_Given data_.

*** Block opens ***

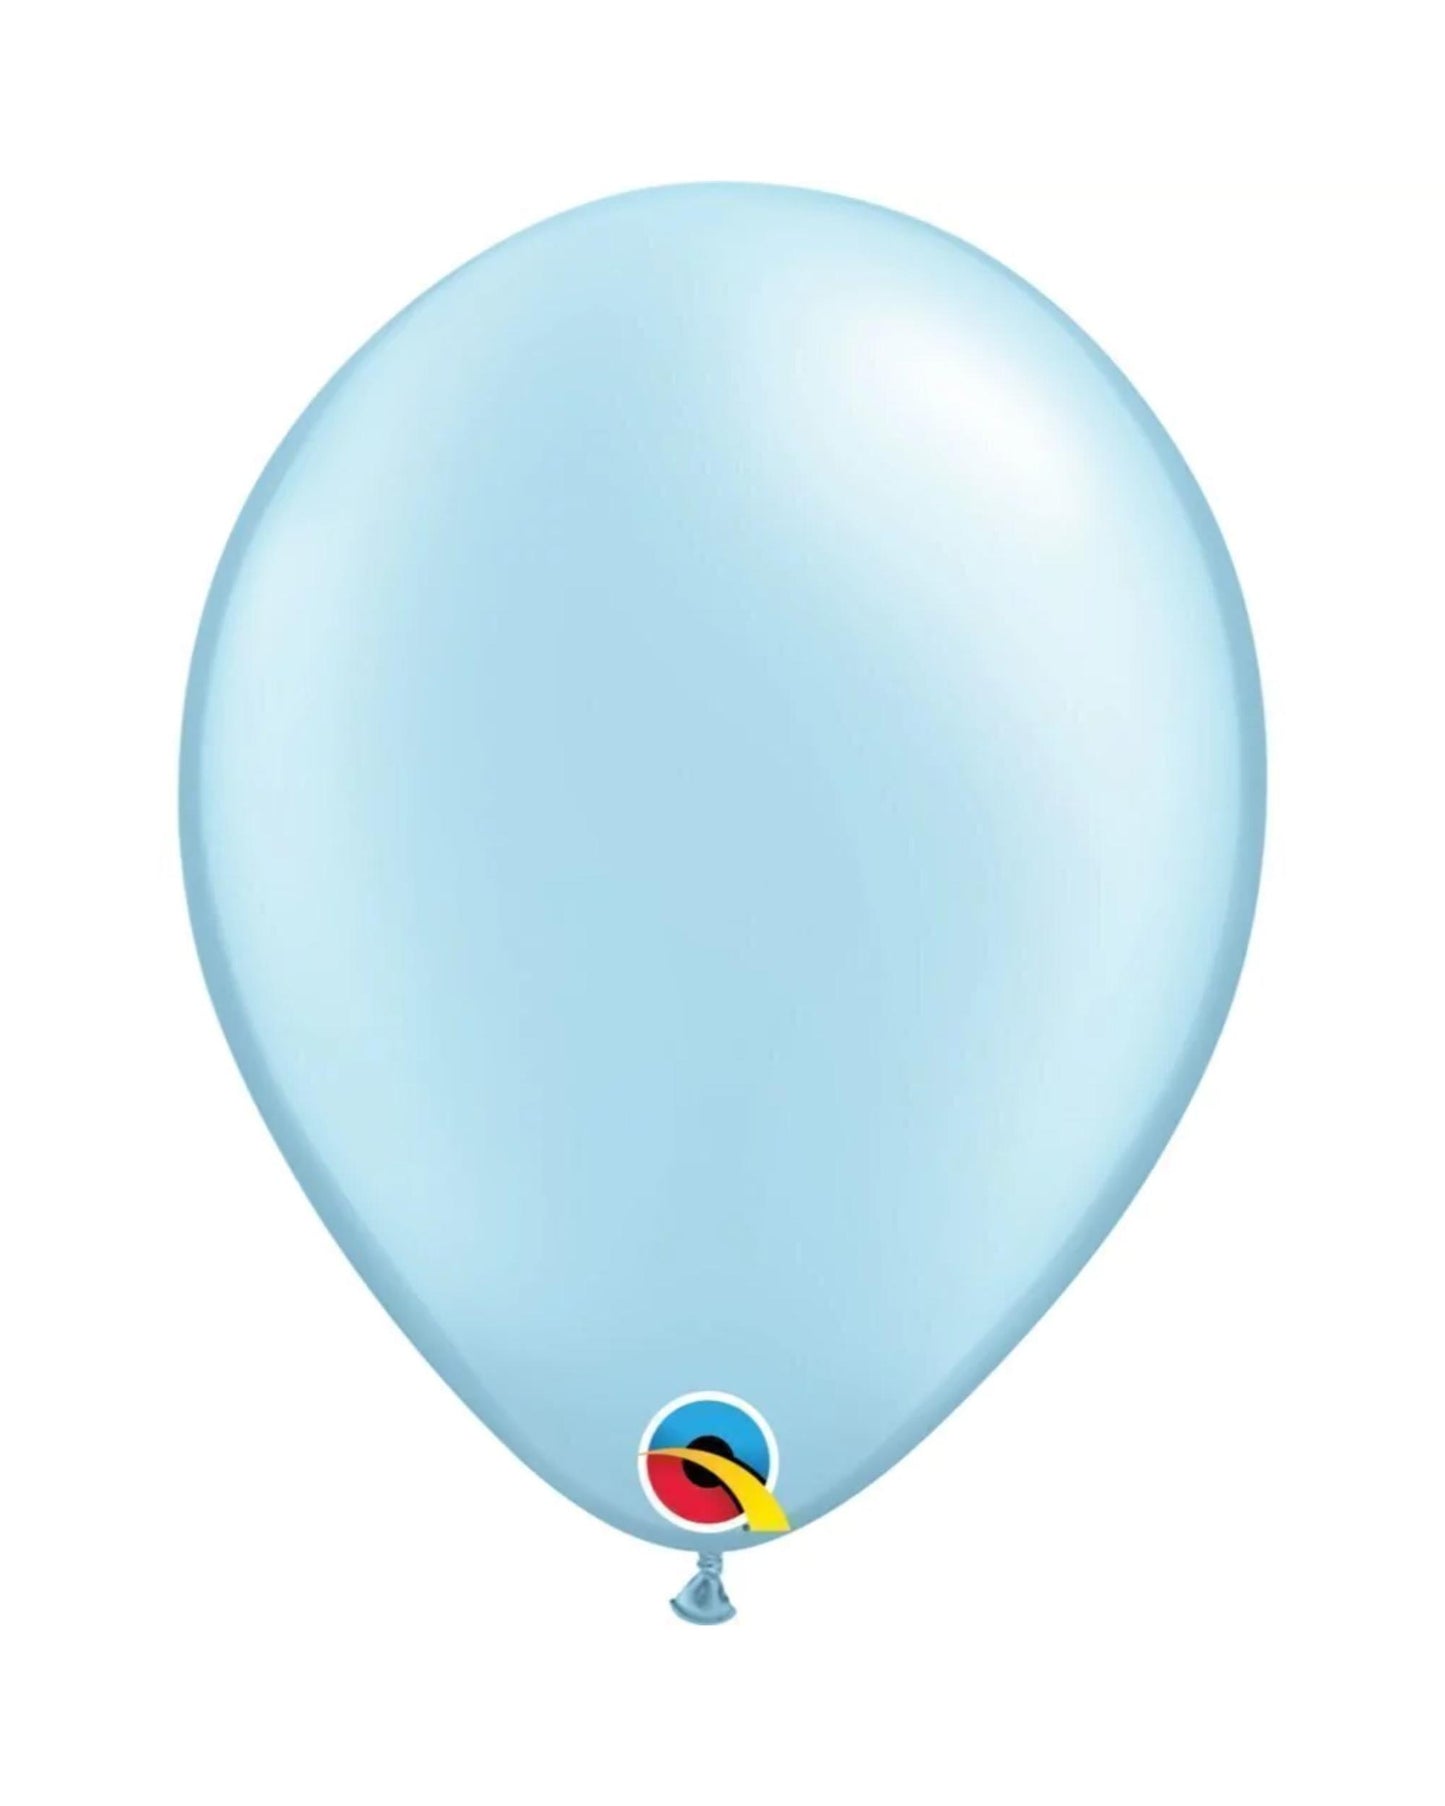 Balão 11 Pol. Azul gelo perolado
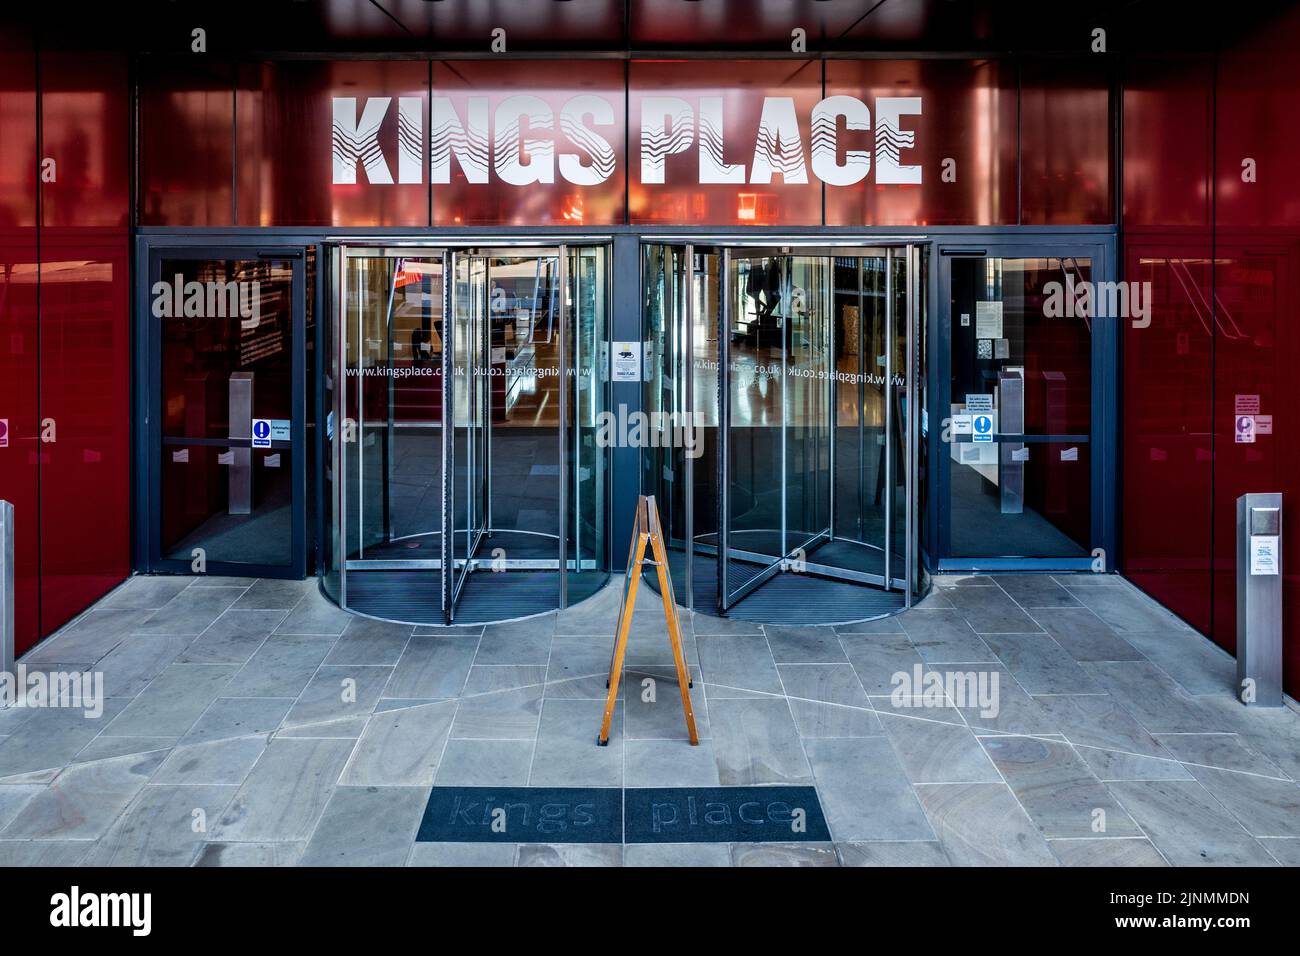 Entrada a Kings Place London - Kings Place contiene espacios para conciertos, galerías de arte y oficinas comerciales. Arquitecto Dixon Jones 2008. Foto de stock
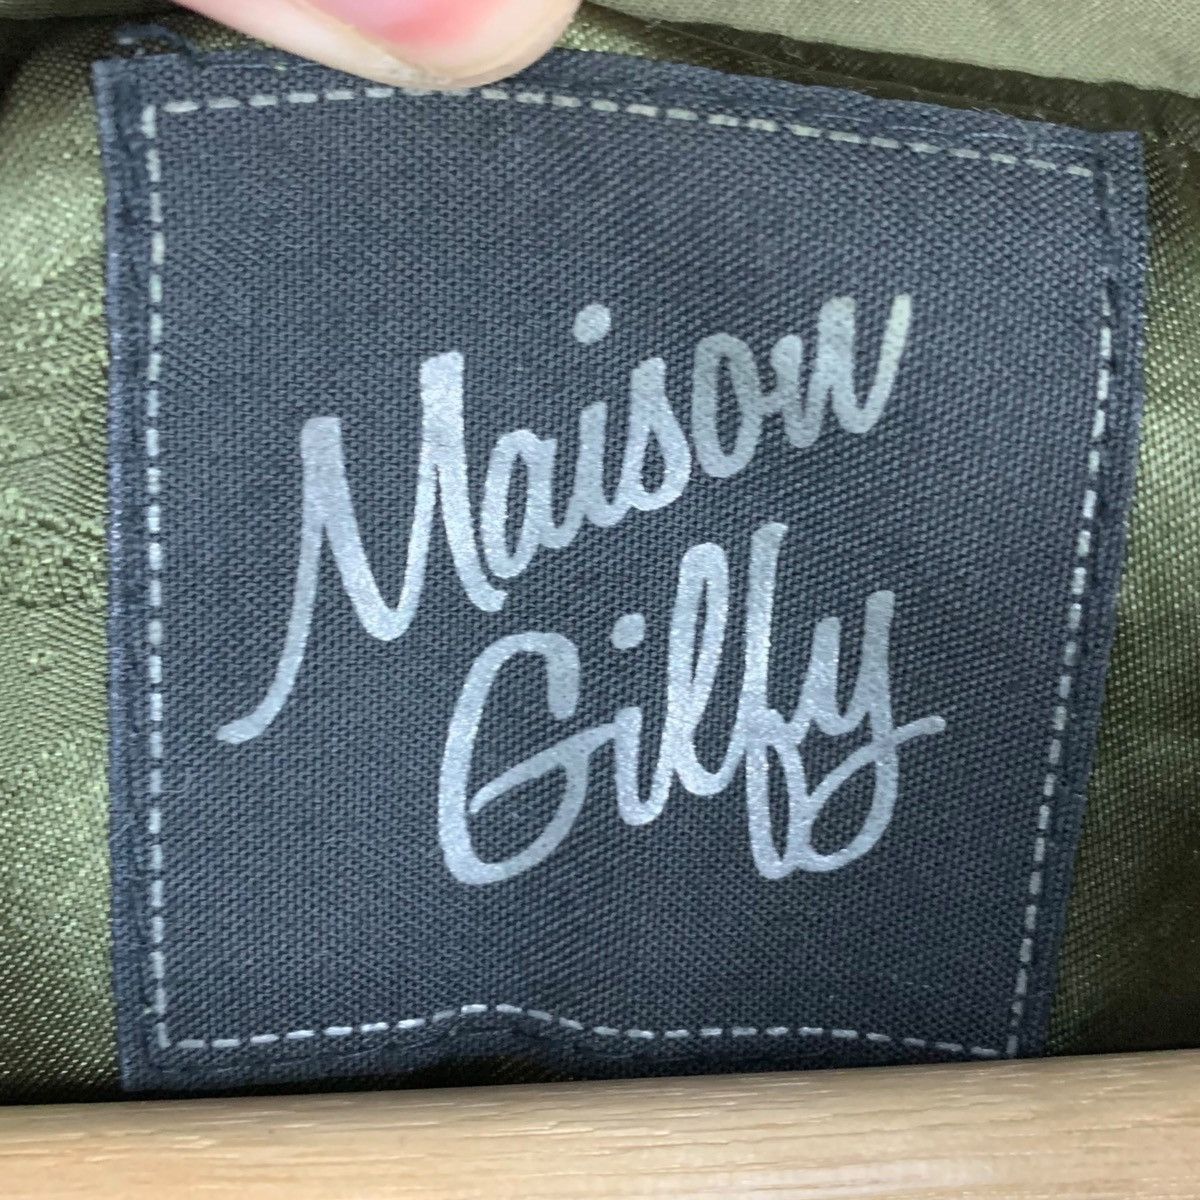 Designer Rare !! MAISON GILFY Long jacket jacket Size US S / EU 44-46 / 1 - 9 Thumbnail
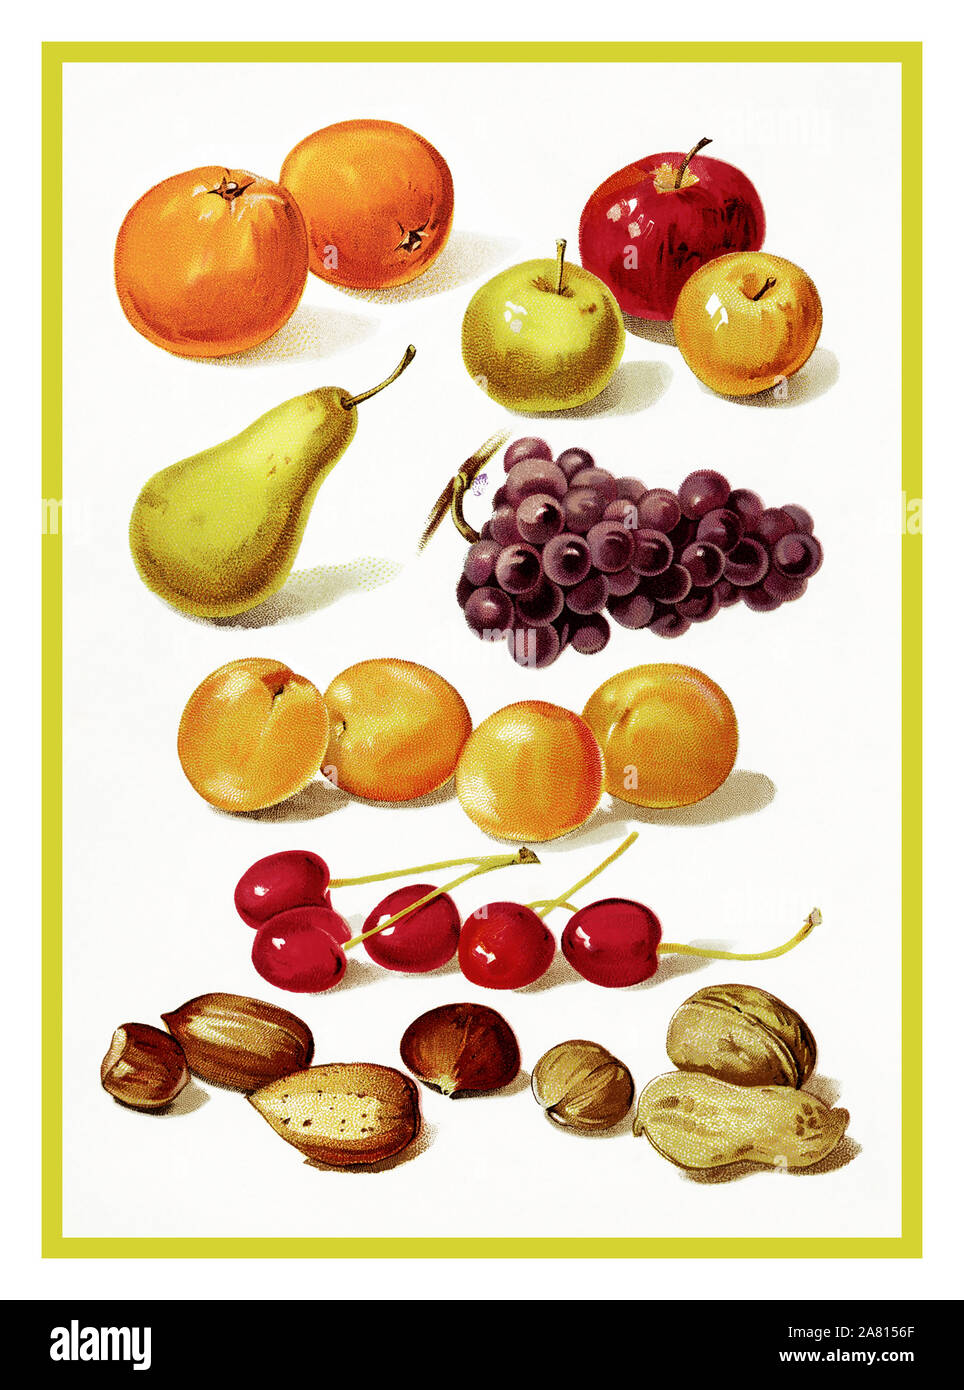 Vintage Obst gesunde Ernährung 1890 Seite Abbildung enthält die farbenfrohen Illustrationen von: Orangen, Äpfel, Birnen, Trauben, Pfirsiche, Kirschen und ein Sortiment von Muttern. Abbildung aus dem antiken Schule Lektion buchen Sie unser kleines Buch für kleine Leute, 1896. Stockfoto

*** Block closes ***

_Problem description_. From the line containing "Designer Rare !!" to the last line of the listing above, transcribe each line exactly, skipping the pictures.

_Task answer_.
 Designer Rare !! MAISON GILFY Long jacket jacket Size US S / EU 44-46 / 1 - 9 Thumbnail
 Vintage Obst gesunde Ernährung 1890 Seite Abbildung enthält die farbenfrohen Illustrationen von: Orangen, Äpfel, Birnen, Trauben, Pfirsiche, Kirschen und ein Sortiment von Muttern. Abbildung aus dem antiken Schule Lektion buchen Sie unser kleines Buch für kleine Leute, 1896. Stockfoto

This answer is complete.